I’ve read through all of the feedback from Habroxia 1 and have aligned it with our ambitions for what comes next.
I had at one point started work on what would be a large patch for the first game. The more I planned out all of the things I wanted to add and the more I talked with Wayne and Colin, the more obvious it became that we should make a full on sequel instead.
So this game is happening because we have great ideas of how we can improve on the first game.
Last question, I asked Colin the same thing, if you have unlimited resources at your disposal, what game are you making?
I don’t think money would change the type of games I am making.
I would remove some of my responsibilities so as to focus more on specific things myself, and I would hire artists.
I was talking with Wayne (Habroxia 2’s artist) about the use of budgets in games, and expressed to him that a AAA game made by Lillymo Games might look something like a Vanillaware (ed.

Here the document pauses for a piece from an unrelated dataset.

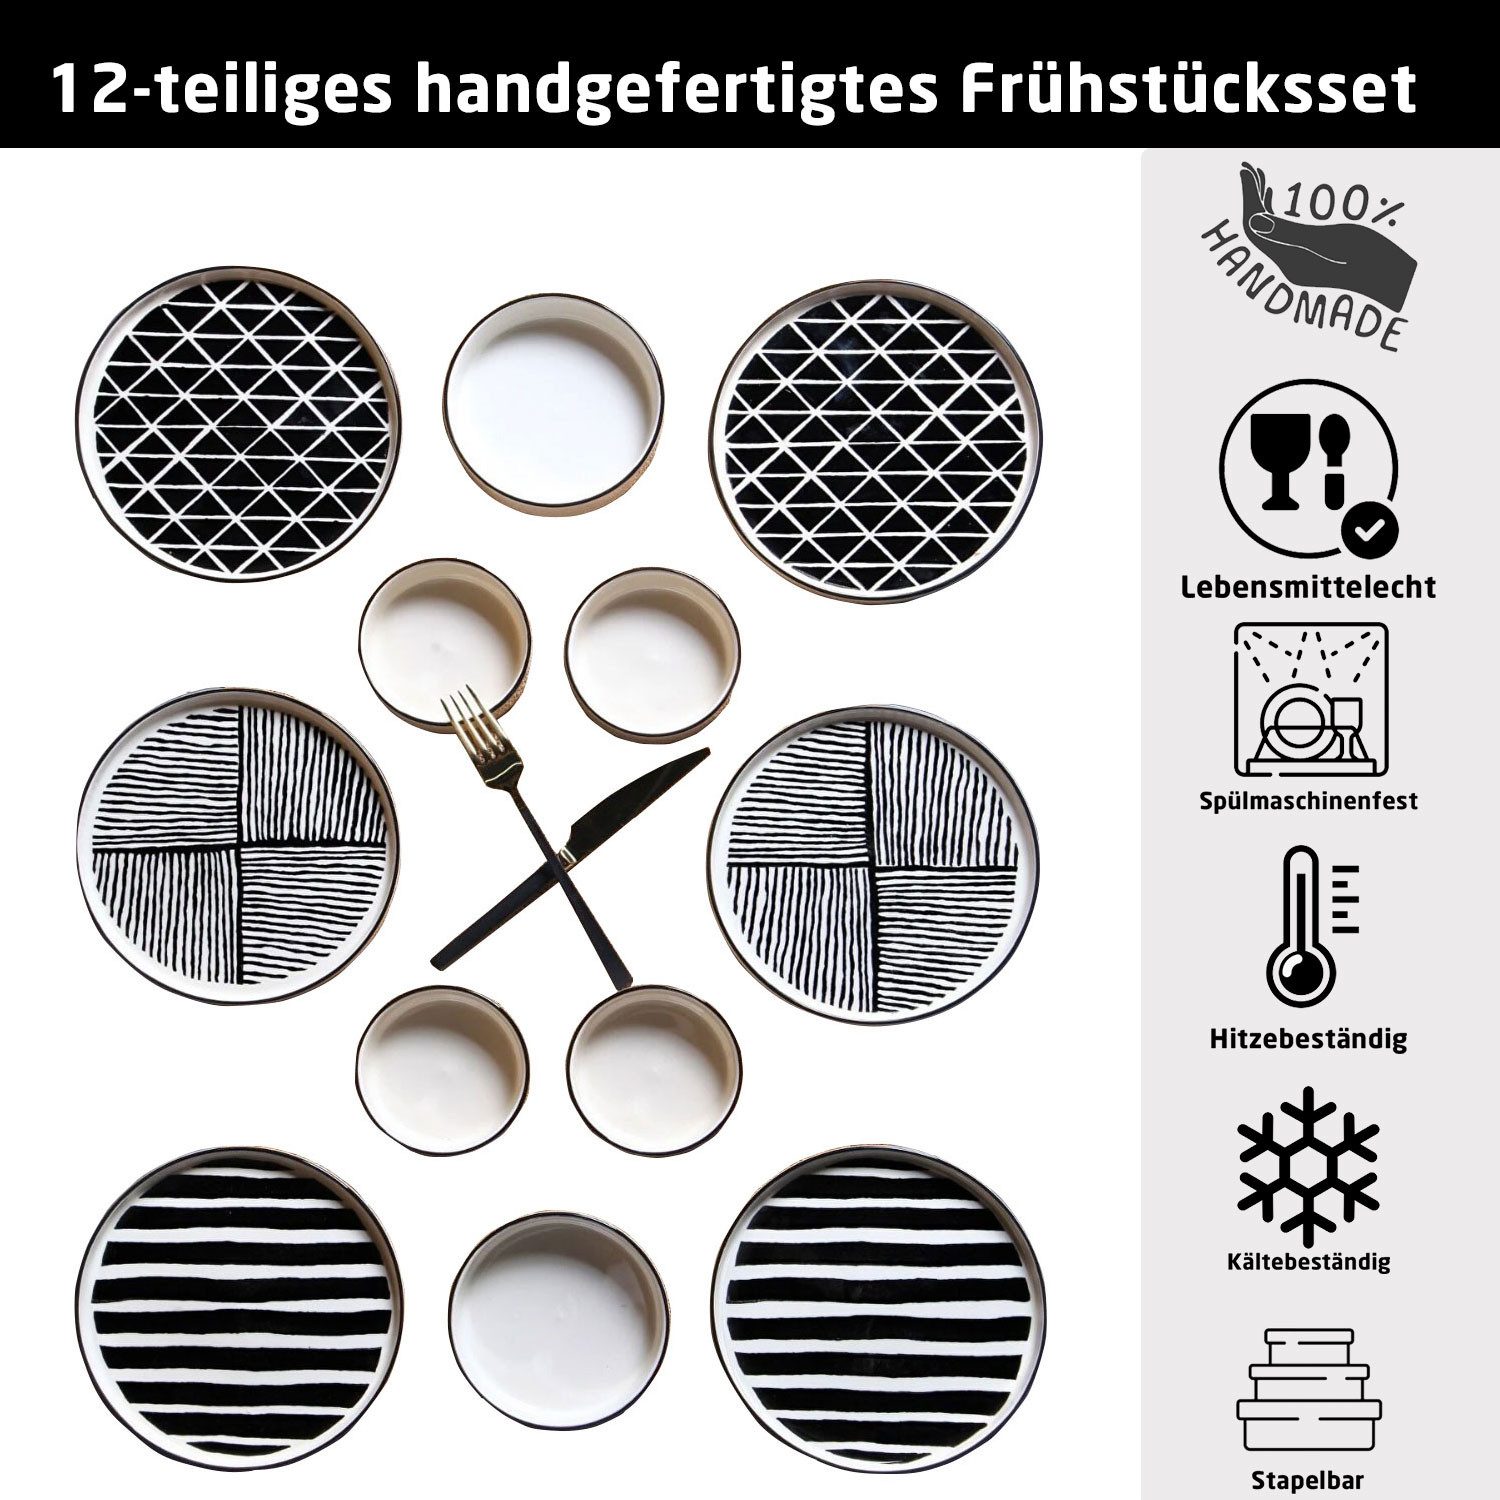 Jungengel Tafelservice Modern Frühstückset Skandinavien Black Teller Set Geschirr Service, 100% Handgefertigt

Vanillaware is a Japanese indie studio who have made games including Odin’s Sphere, Muramasa: The Demon Blade, and Dragon’s Crown) game.
My dream list of games to make is the same list we are making games from already. Colin and I have very similar tastes and his game ideas overlap 1:1 with my list so far. It would be great to have a big budget, but I think we could make all of them while staying small.
Thanks again Barry for taking time away from the important stuff to do this interview with us, best wishes for all the exciting games you have in the pipeline!